- [Data shown]:
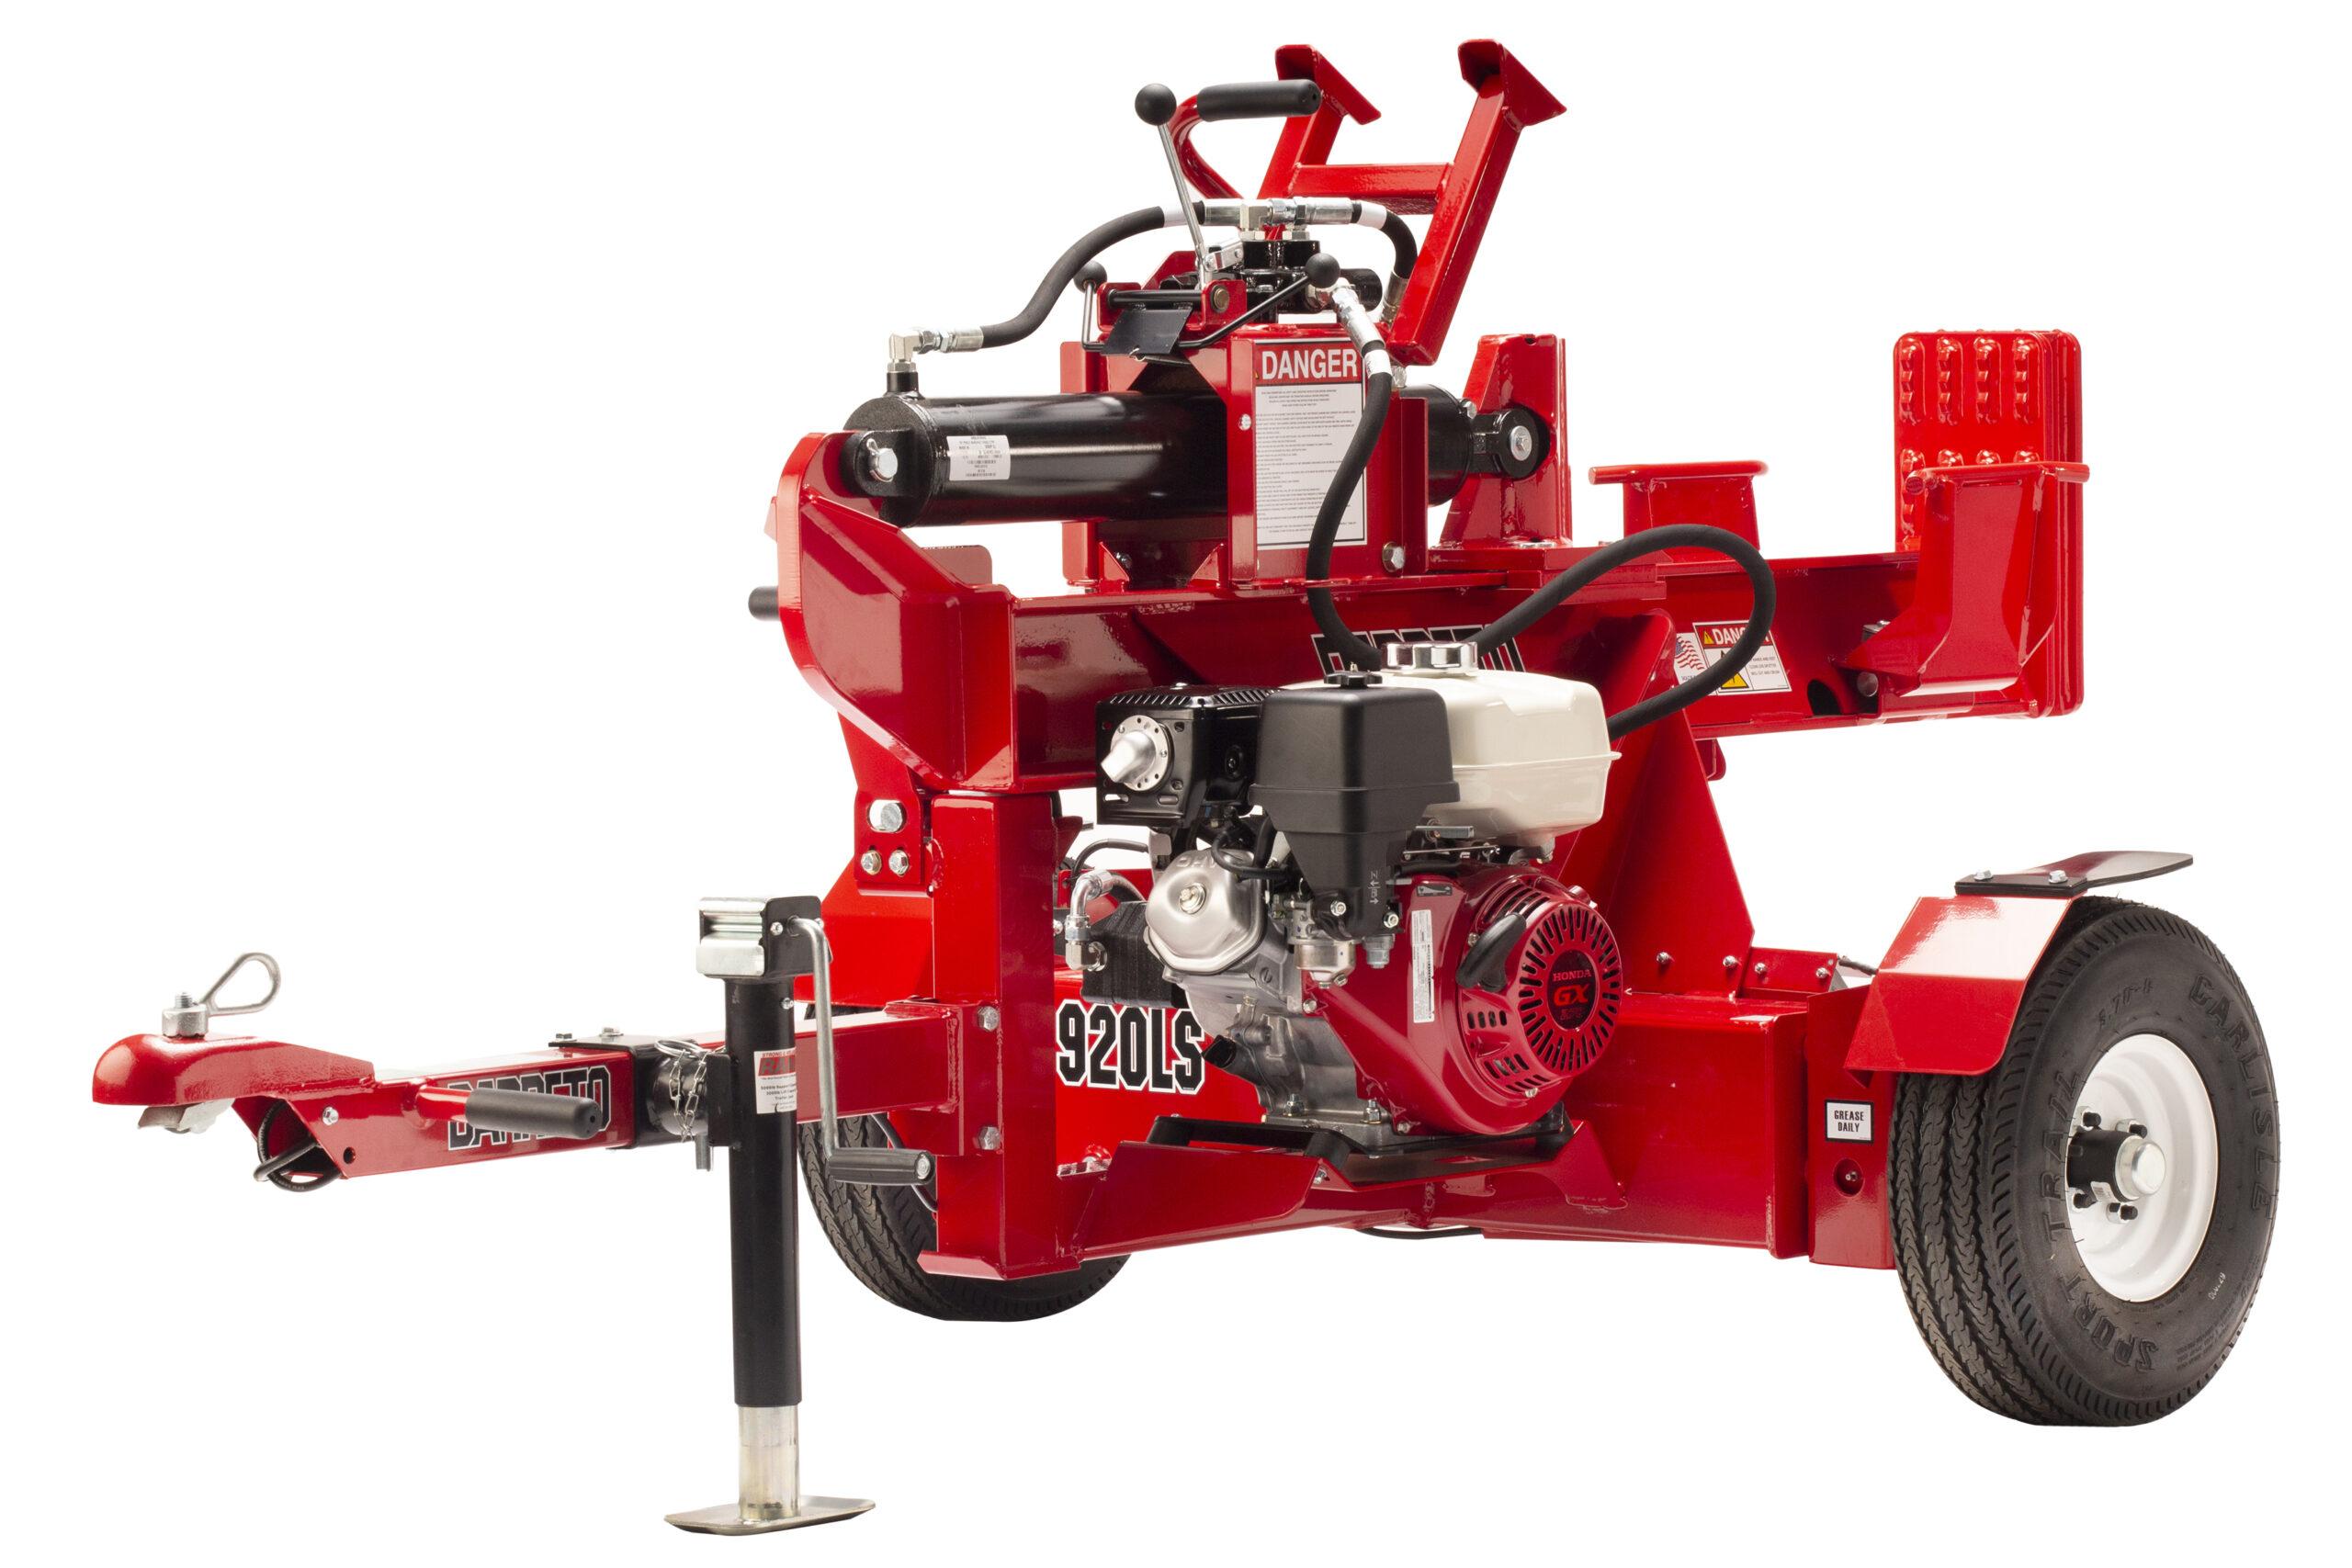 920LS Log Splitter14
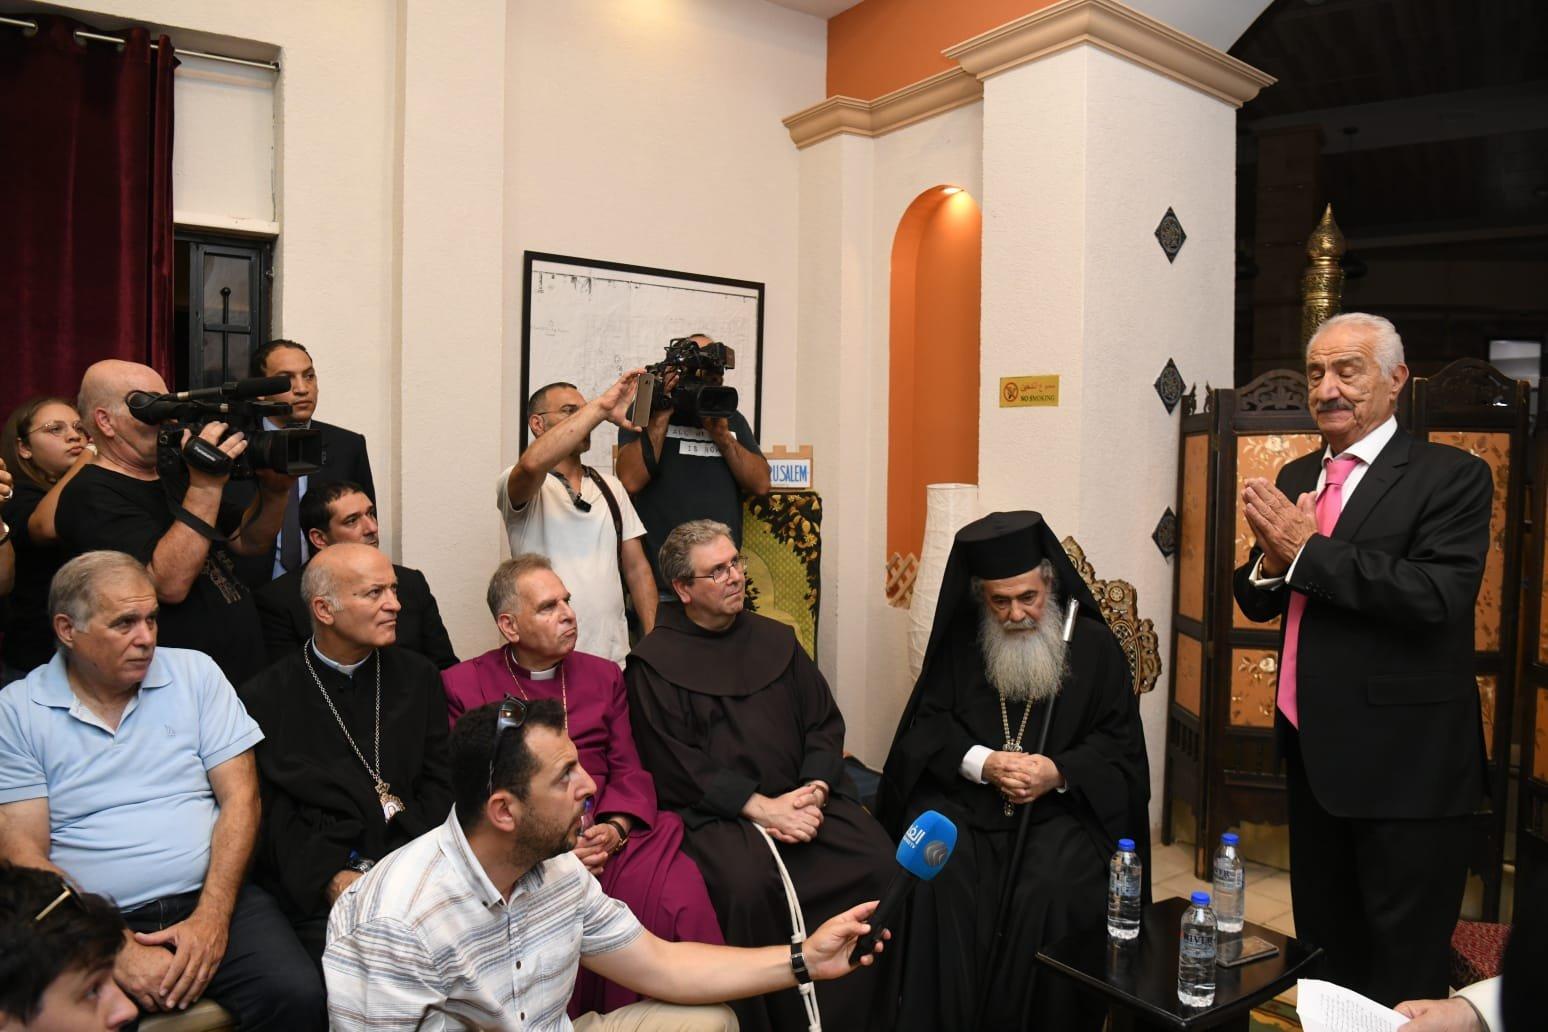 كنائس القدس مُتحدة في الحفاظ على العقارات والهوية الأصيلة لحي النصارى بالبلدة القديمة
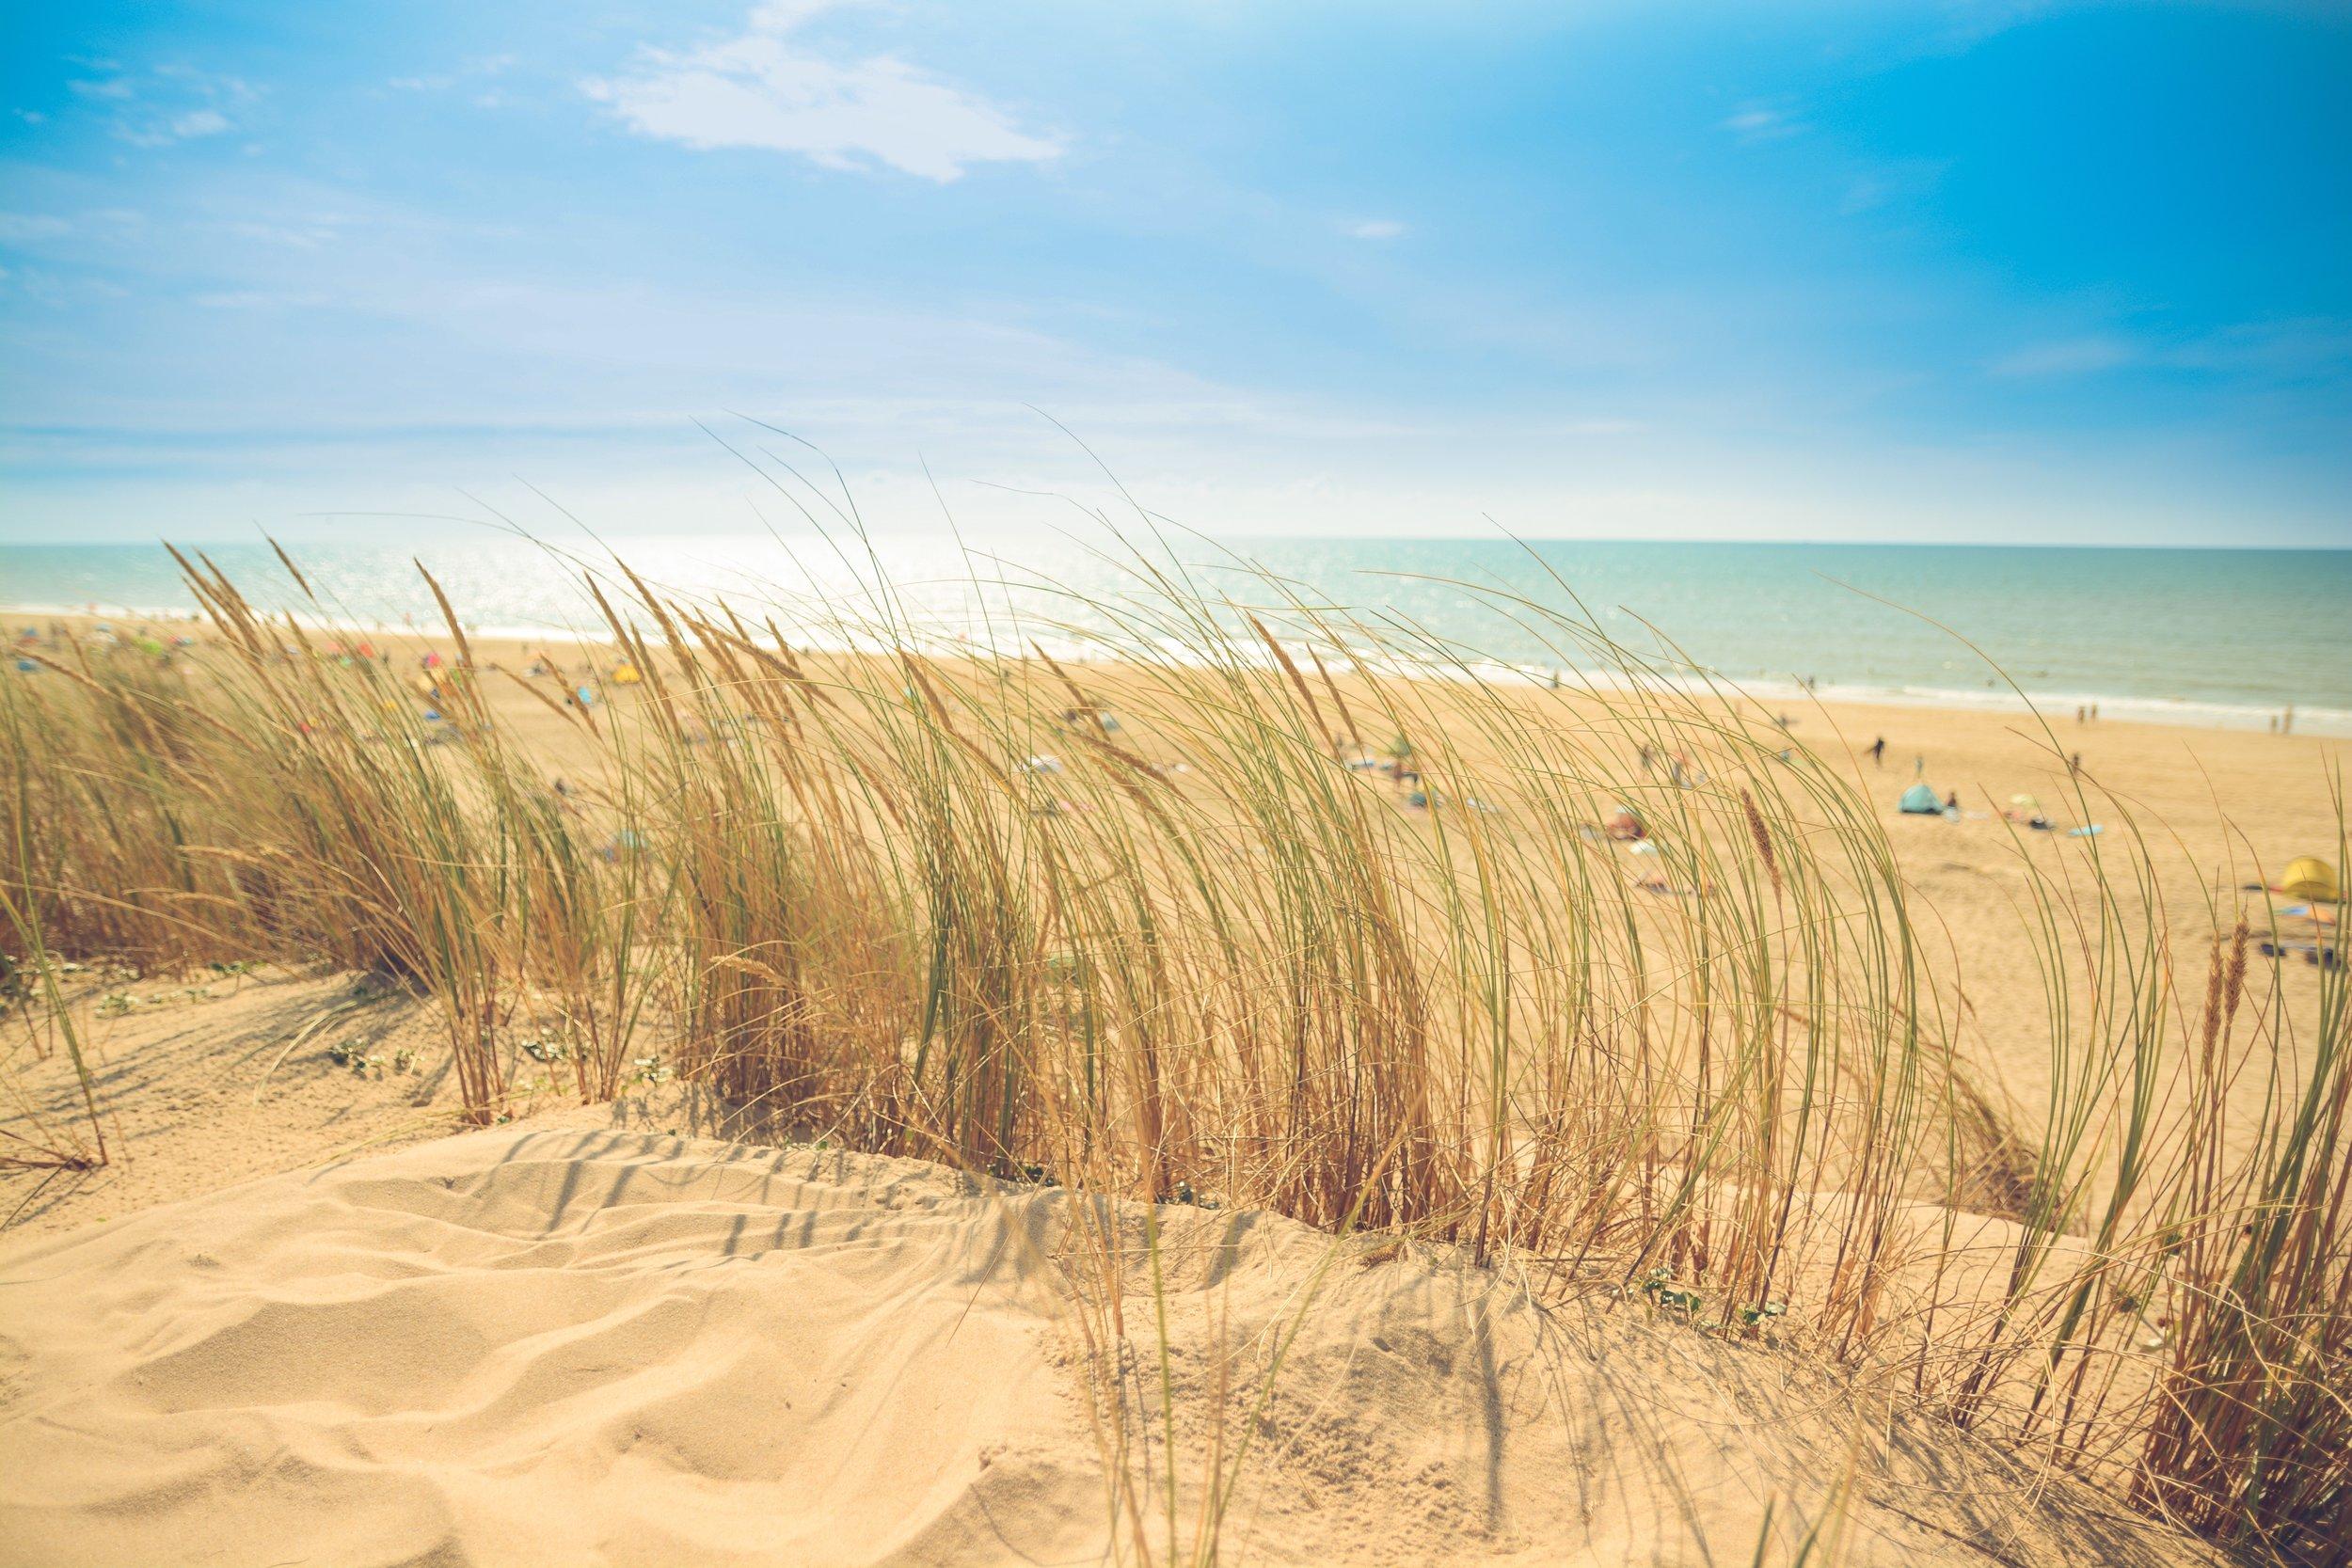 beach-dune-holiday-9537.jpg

- [What the task asks]:
The full listing must come back exactly as written, with its pictures left out.

- [Solved exercise]:
 920LS Log Splitter14
 كنائس القدس مُتحدة في الحفاظ على العقارات والهوية الأصيلة لحي النصارى بالبلدة القديمة
 beach-dune-holiday-9537.jpg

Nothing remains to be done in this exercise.